Mesmo assim e porque é da natureza da coisa tem de fazer algumas aparições públicas em pequenas corridas para media ver. Ora o Mundo é cada vez mais instável e perigoso. Pois acontece que brigadas de desordeiros, apoiantes da causa tibetana ou simplesmente com gosto pela barafunda, prometem não deixar a pobre tocha em paz. Julgo mesmo saber que Pequim já encomendou várias réplicas, pois é mais do que provável que algumas fiquem pelo caminho e apareçam mais tarde a decorar alguma sede subversiva ou, ainda mais certo, à venda no eBay, o “site” de leilões heterodoxos da Internet.
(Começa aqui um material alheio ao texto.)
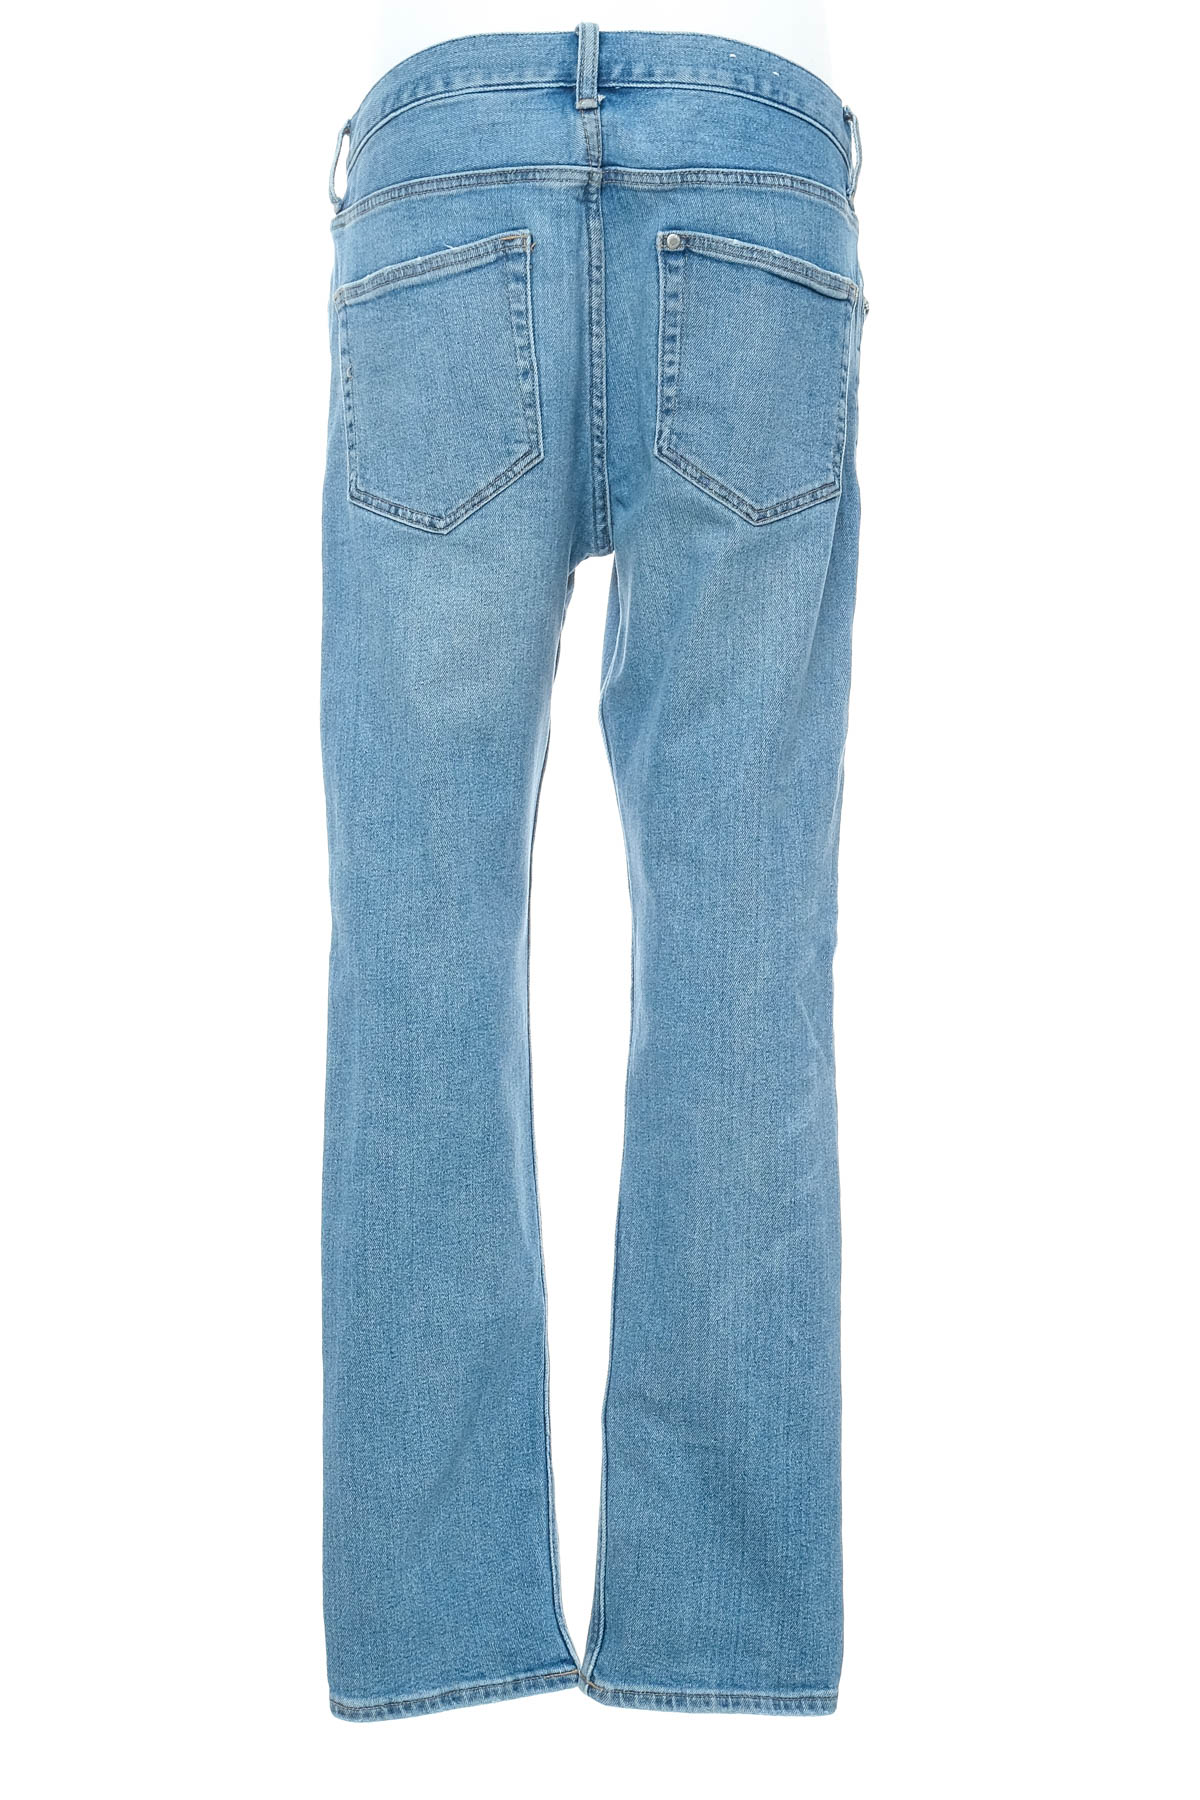 Men's jeans - H&M - 1

De qualquer modo, é absolutamente certo de que a tocha não terá descanso. Atacada, fustigada com água, cuspo e cerveja, vilipendiada com os mais irracionais impropérios, a tocha, símbolo do desportivismo olímpico e da unidade dos povos, atravessa as ruas em fugazes aparições protegida pela polícia de choque, bastões, gás lacrimogéneo, mas não canhões de água por evidente razão. Aliás, o maior perigo que corre, esse terrível recurso de qualquer Bin Laden anti-tocha, é o extintor, arma de destruição massiva da tocha ao alcance de qualquer um.

A causa de tanto bulício é o Tibete. Os monges, por doutrina pacíficos, decidiram revoltar-se no momento mais útil. Afinal, tanta meditação havia de produzir algum resultado e a organização dos Jogos Olímpicos são um acontecimento muito importante para a China. O império tem mais ambição do que vender “t-shirts” a um euro. A velha política do fechamento tem vindo a ser substituída por uma abertura sobretudo económica, de tal modo pujante que já ameaça o outro grande império concorrente: o americano. A China vende mais barato e compra mais caro, o que gera grandes perturbações no mercado. Ora essa abertura e esse vigor na economia não podia deixar de aspirar a uma tradução na imagem. A imagem, o embrulho, é agora parte essencial de qualquer produto ou negócio.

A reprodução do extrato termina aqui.